Transcribe everything in the records exactly. Skip the images.

::: DATASET :::

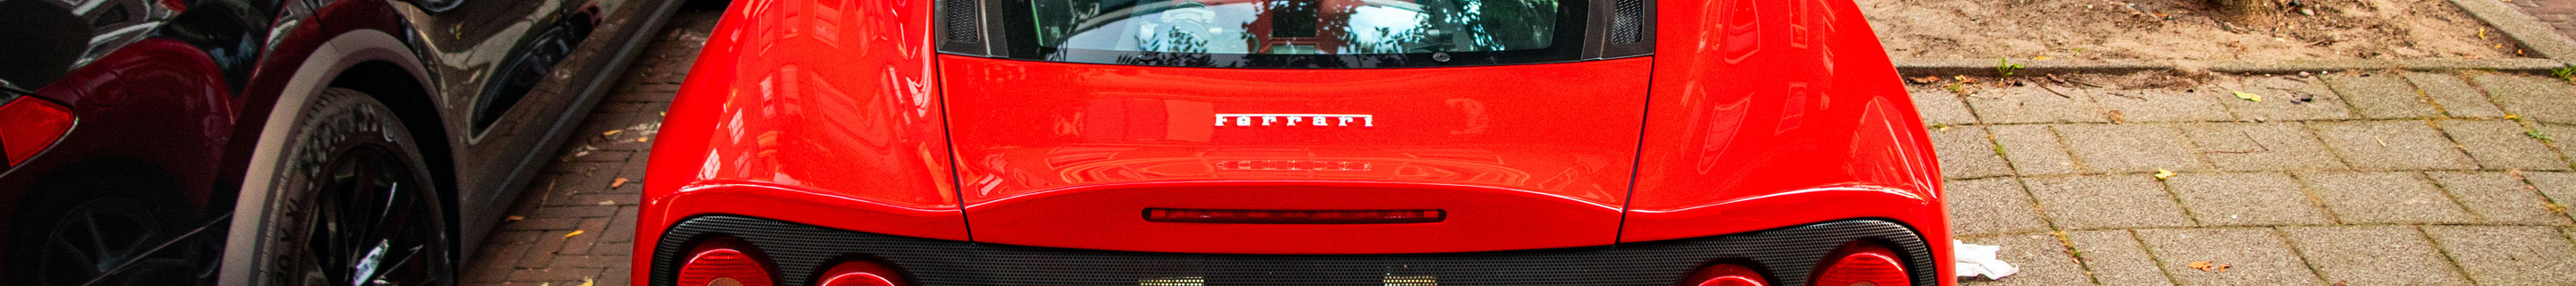 Ferrari Challenge Stradale
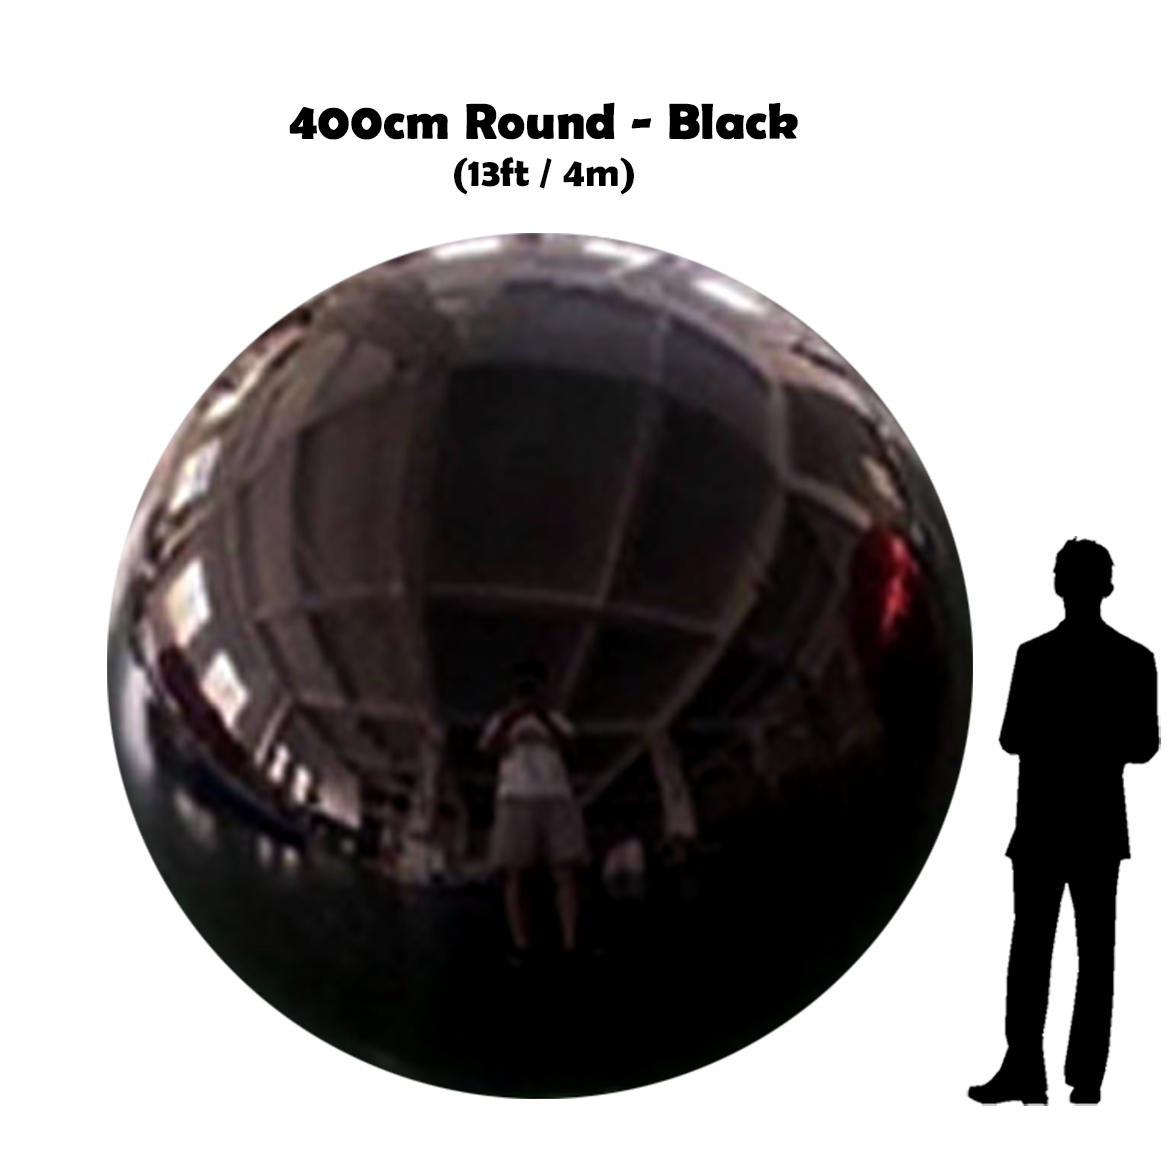 400cm Big Black ball beside 5'10 guy silhouette 
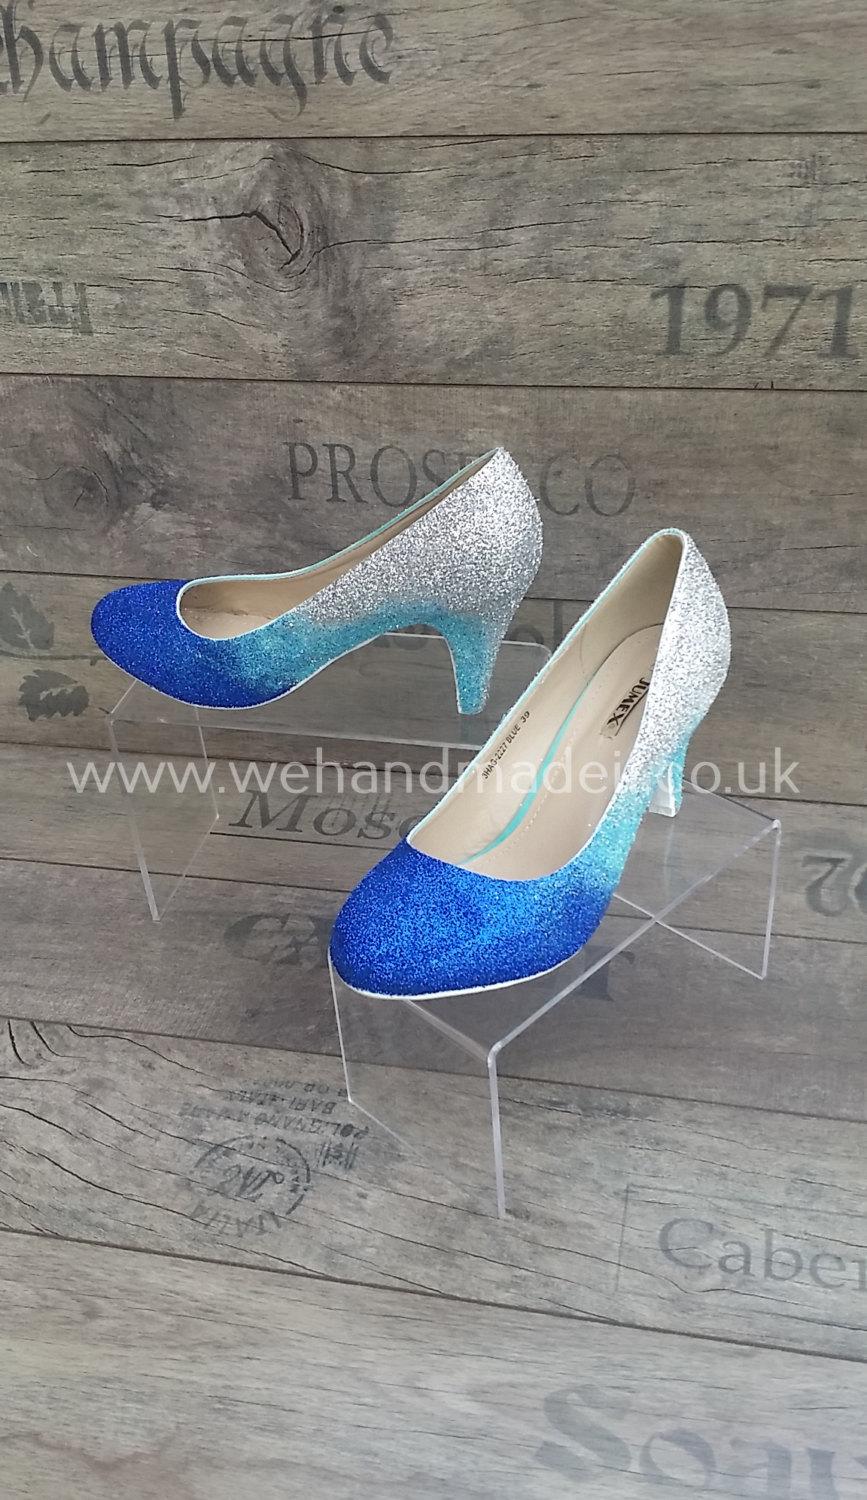 زفاف - Custom made blue to silver graded glitter shoes - any style or size.  Wedding shoes, prom shoes, custom glitter shoes made to order
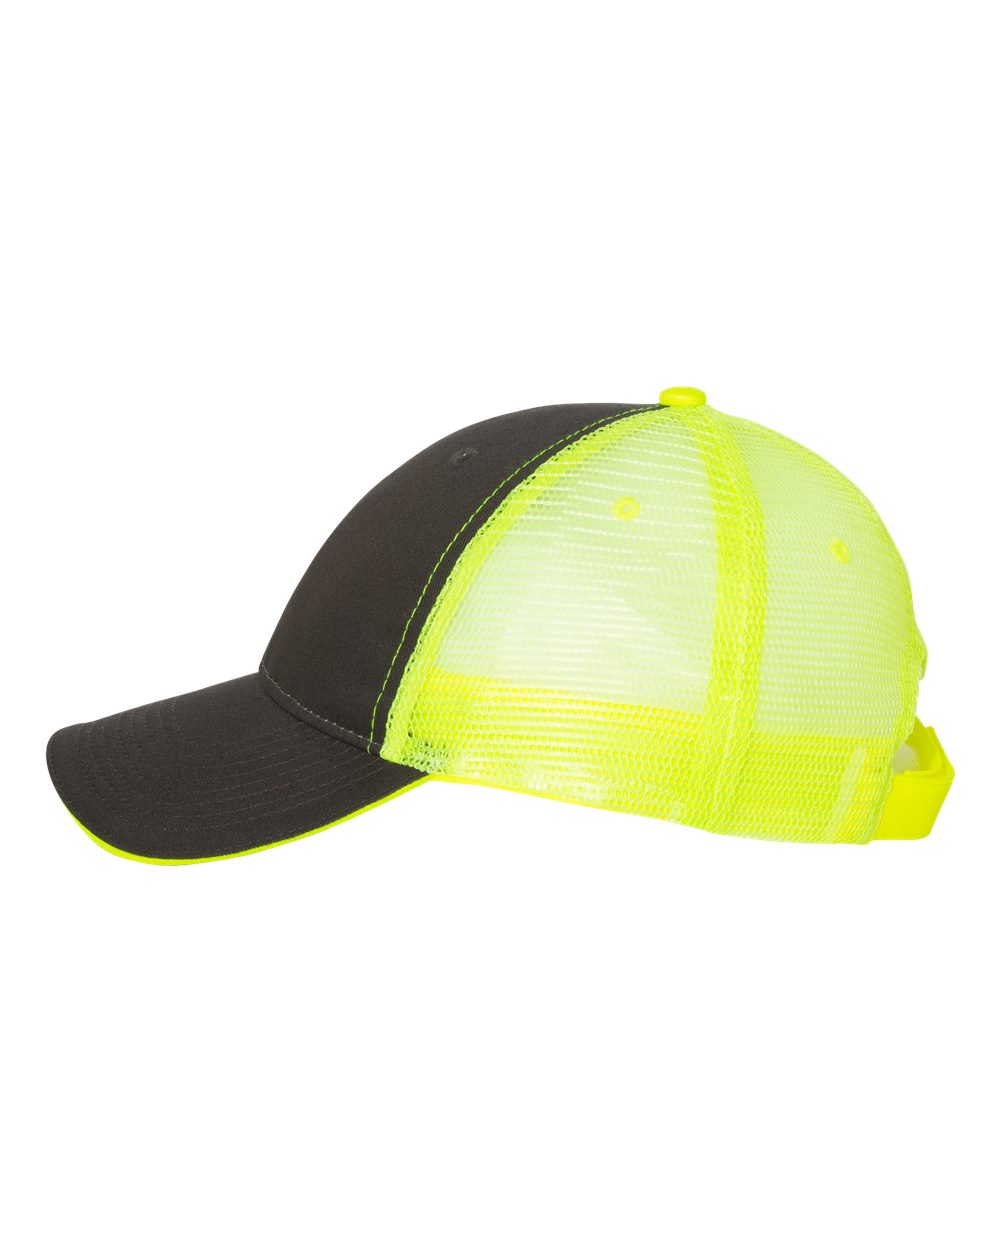 Sandwich Trucker Cap - Charcoal/Neon Yellow
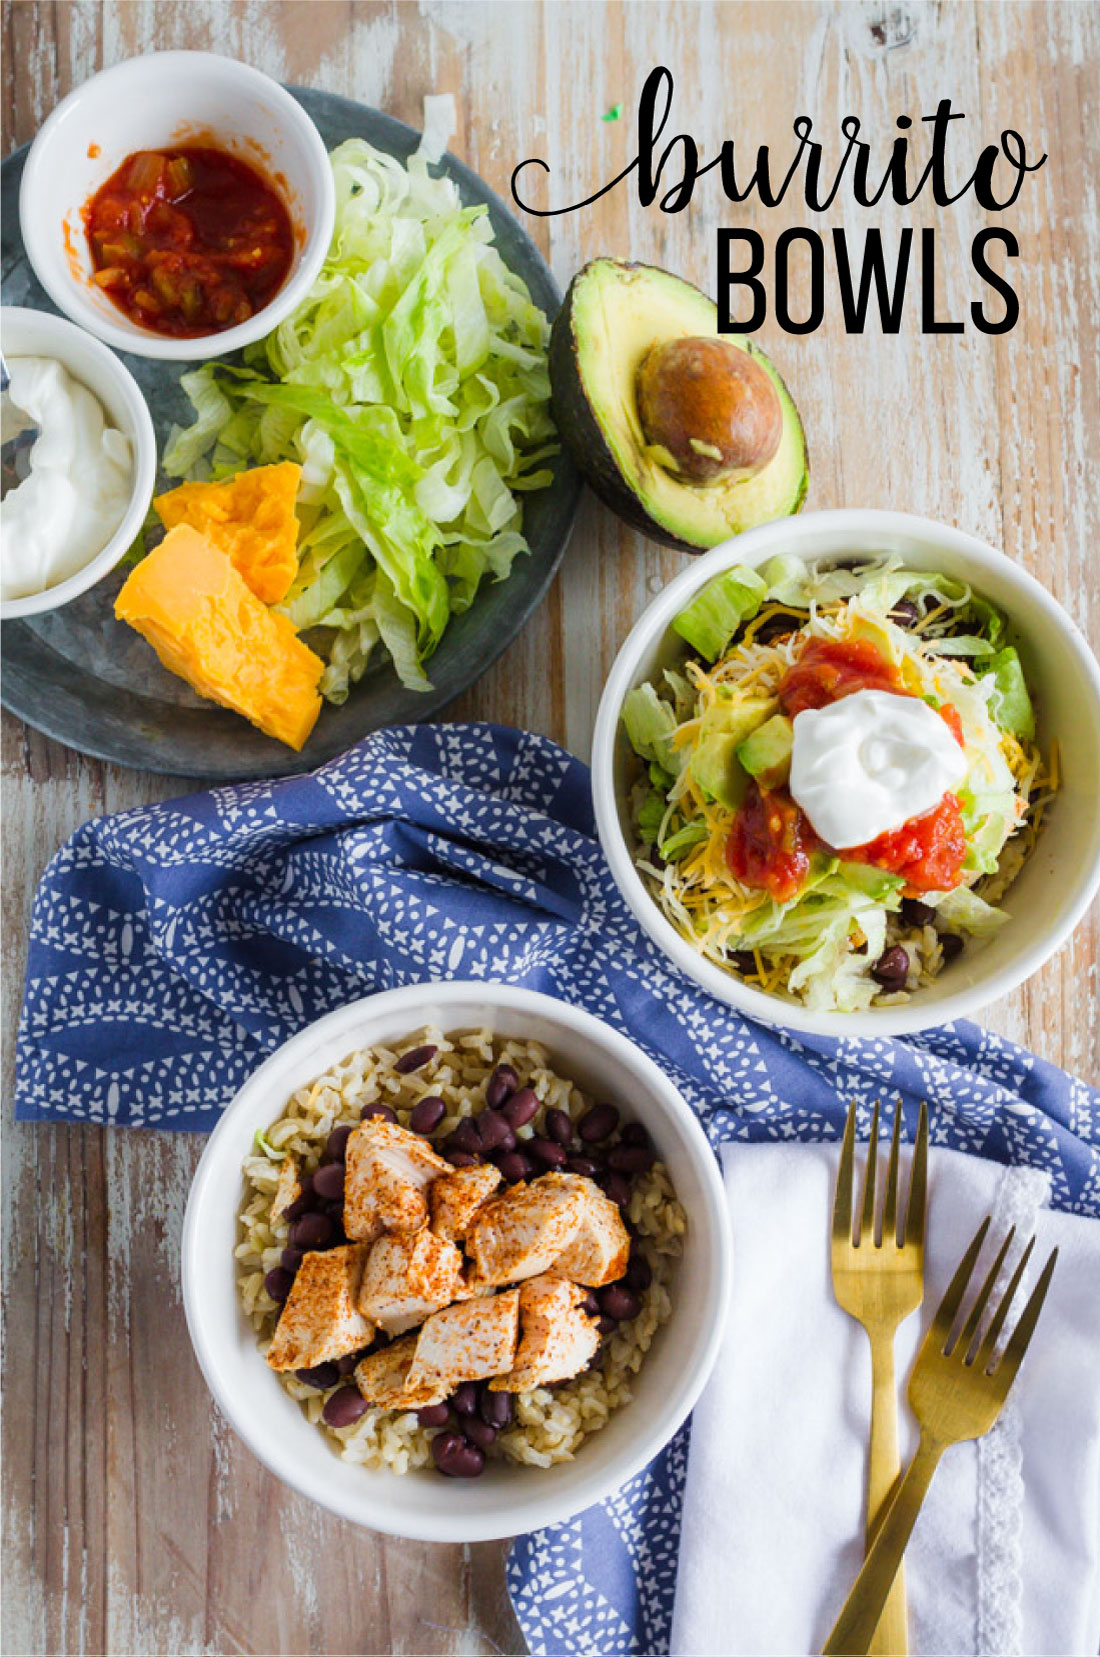 Burrito Bowl Recipe - an easy, healthy, family friendly dinner idea. www.thirtyhandmadedays.com

:::

ANSWER TO THIS EXERCISE
 Ferrari Challenge Stradale
 400cm Big Black ball beside 5'10 guy silhouette 
 زفاف - Custom made blue to silver graded glitter shoes - any style or size.  Wedding shoes, prom shoes, custom glitter shoes made to order
 Sandwich Trucker Cap - Charcoal/Neon Yellow
 Burrito Bowl Recipe - an easy, healthy, family friendly dinner idea. www.thirtyhandmadedays.com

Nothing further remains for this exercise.